What is required:
Beginning with the line containing "Three Jewish children" and going on through the line containing "Sleepwear for Women", the lines below are to be returned exactly, pictures excluded and nothing added.

Provided information:

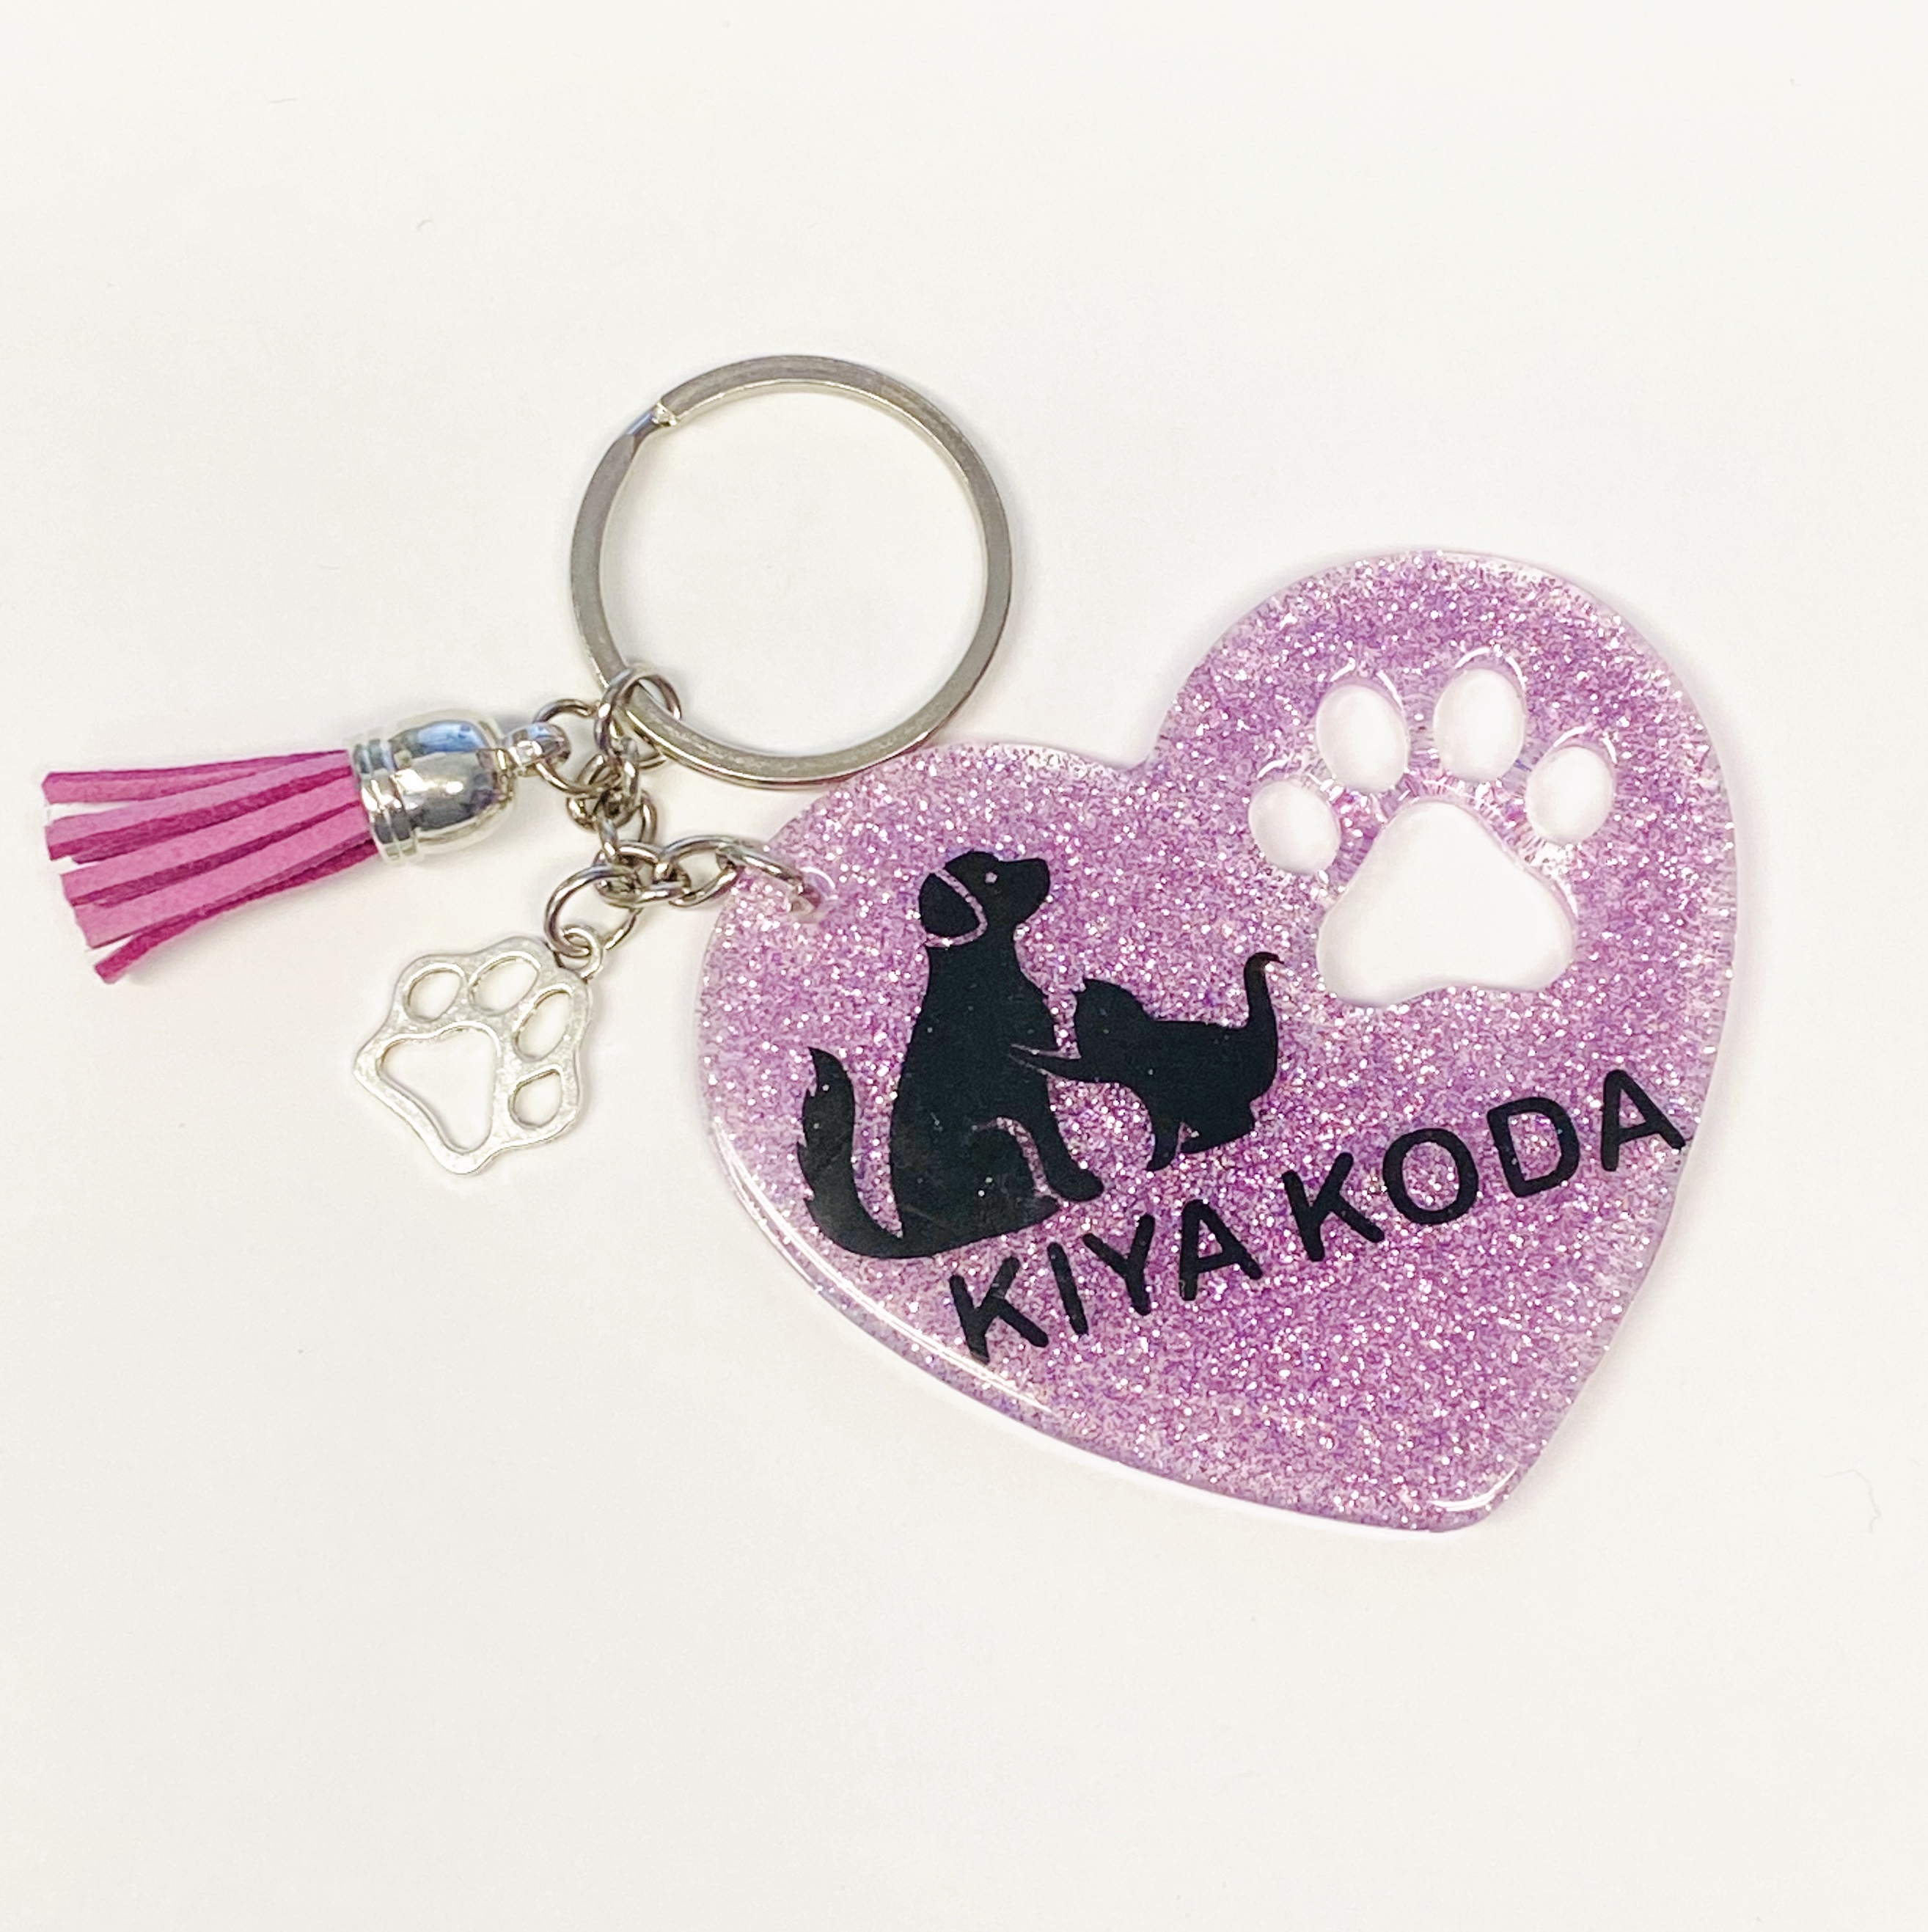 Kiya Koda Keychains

...

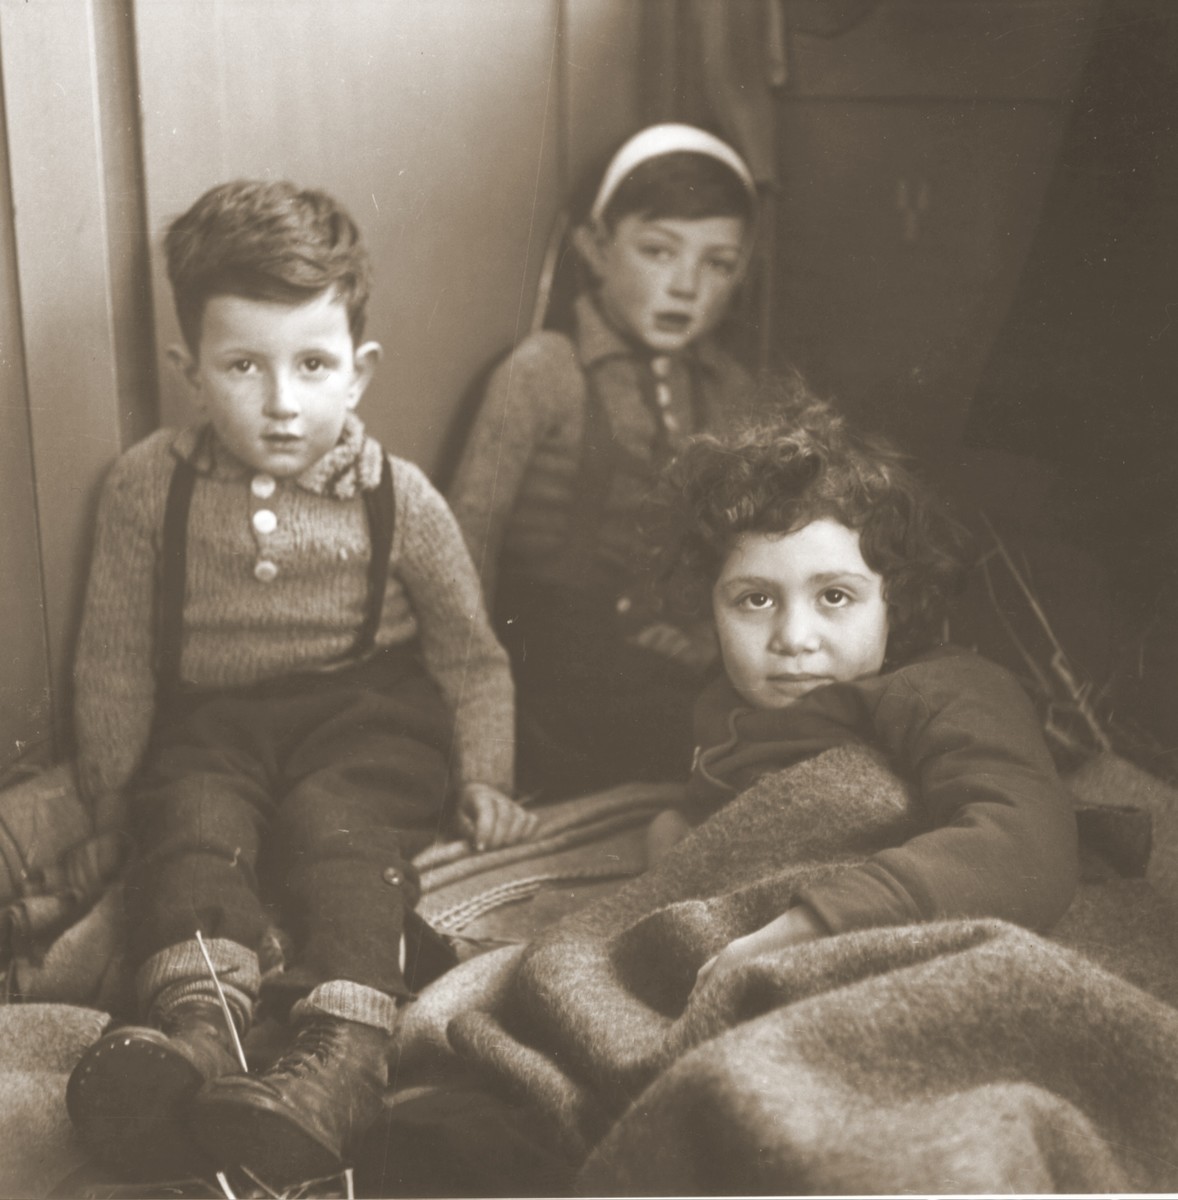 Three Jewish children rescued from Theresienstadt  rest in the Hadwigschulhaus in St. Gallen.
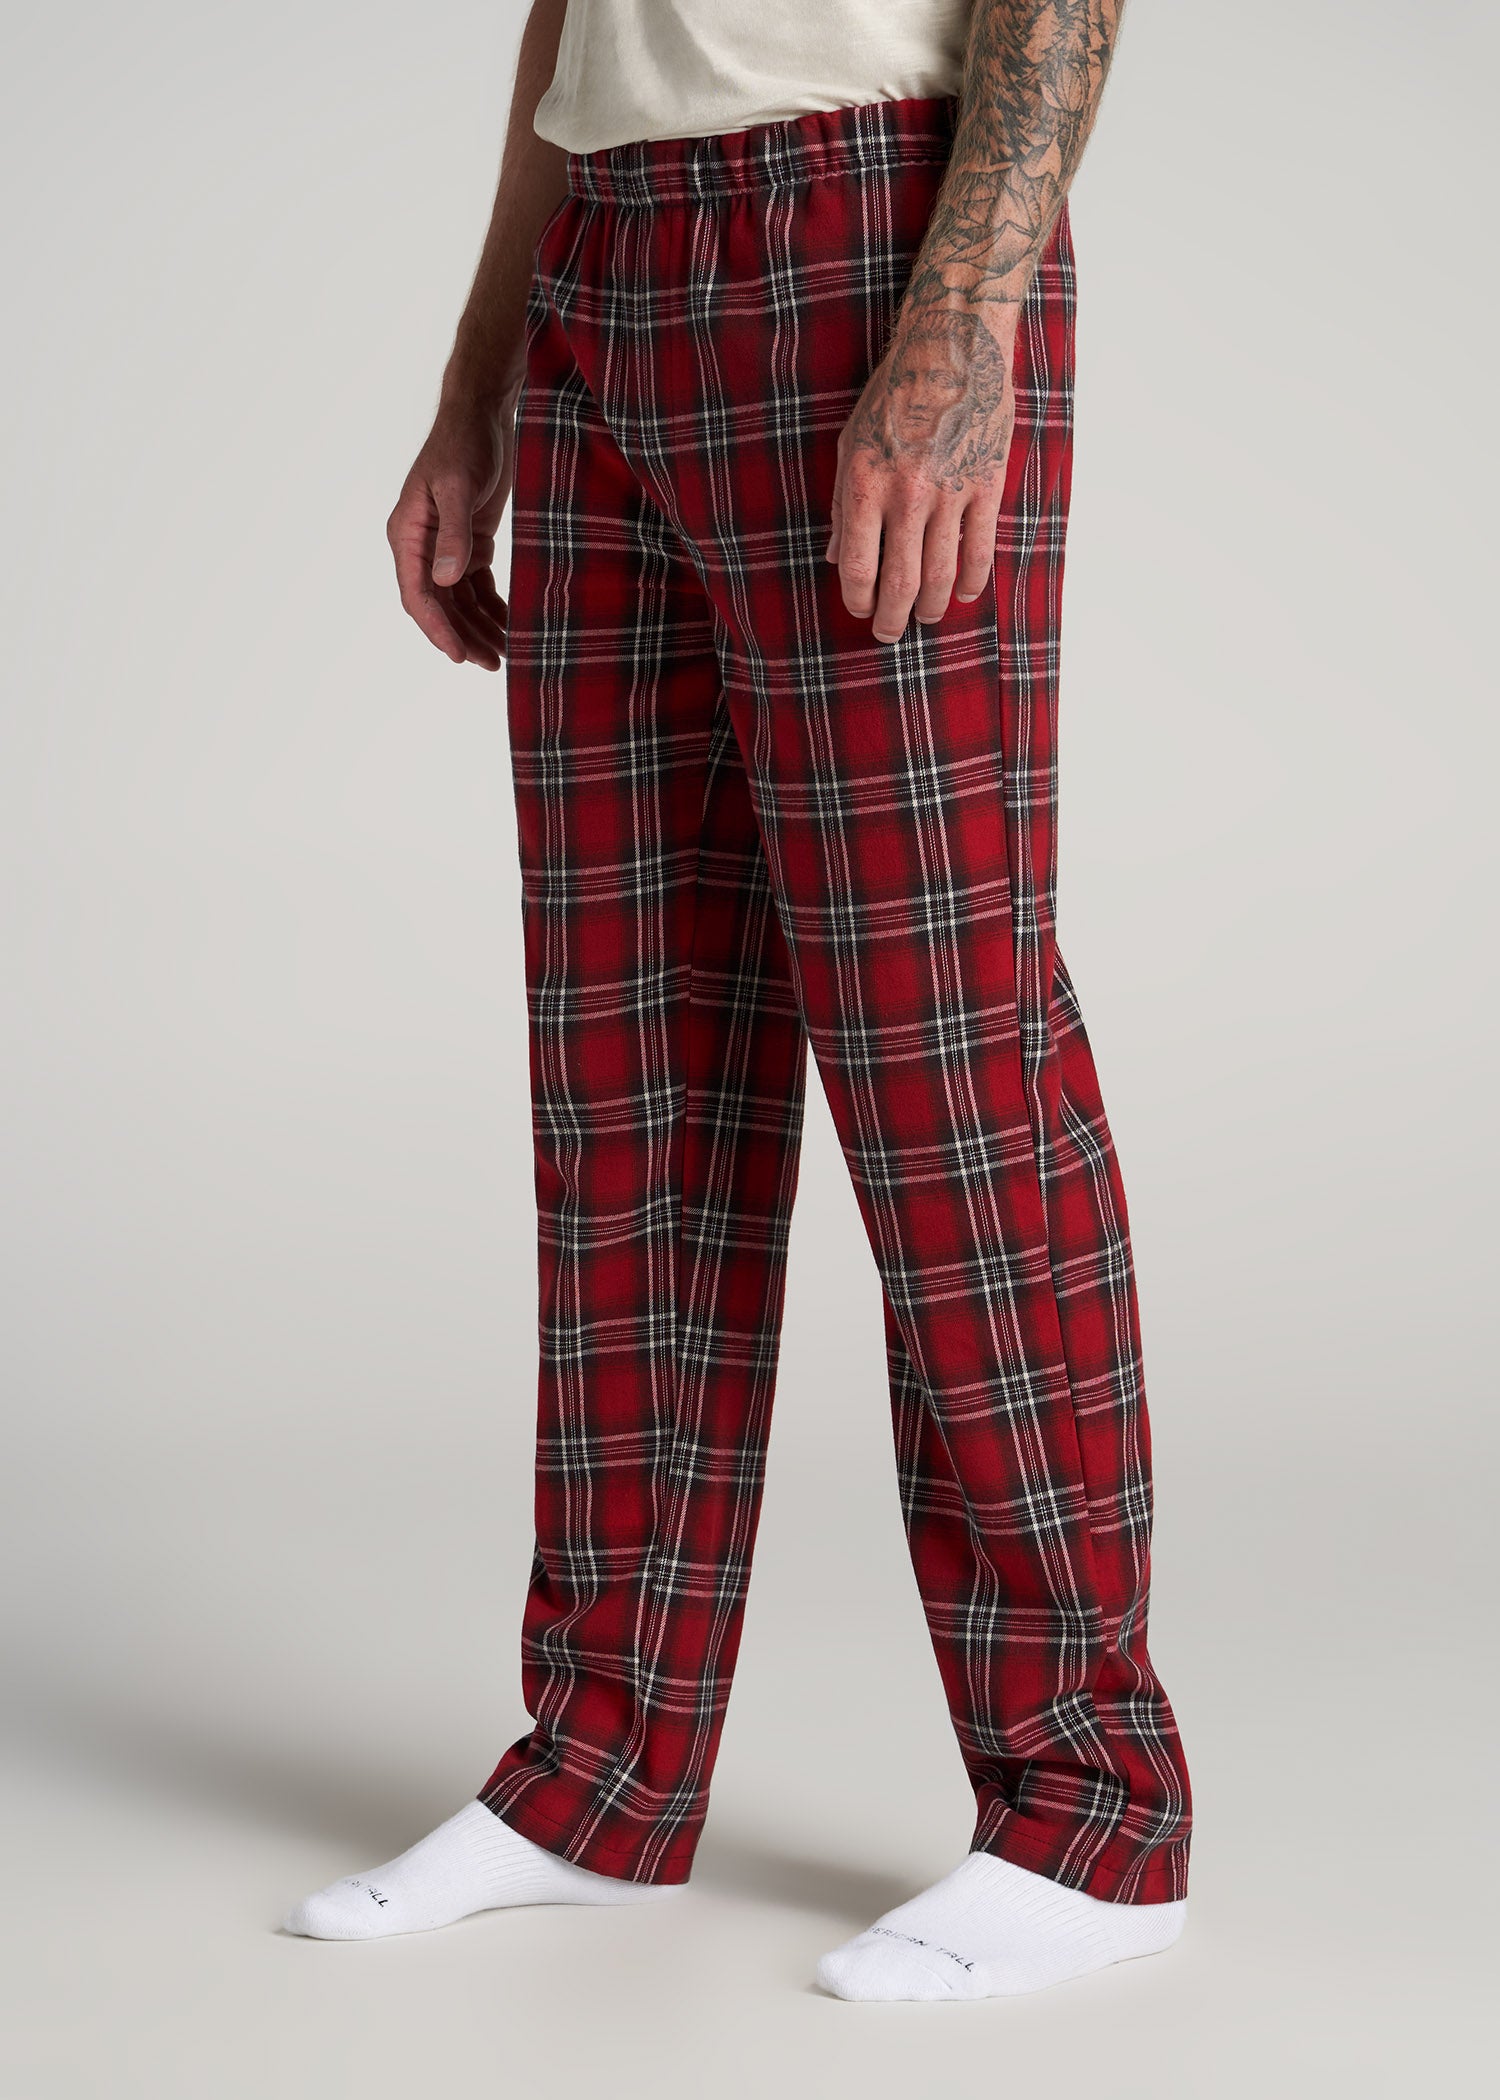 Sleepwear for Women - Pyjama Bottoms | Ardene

...

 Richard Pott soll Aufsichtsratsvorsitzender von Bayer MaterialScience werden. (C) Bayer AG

Output for this exercise:
 Three Jewish children rescued from Theresienstadt  rest in the Hadwigschulhaus in St. Gallen.
 Sleepwear for Women - Pyjama Bottoms | Ardene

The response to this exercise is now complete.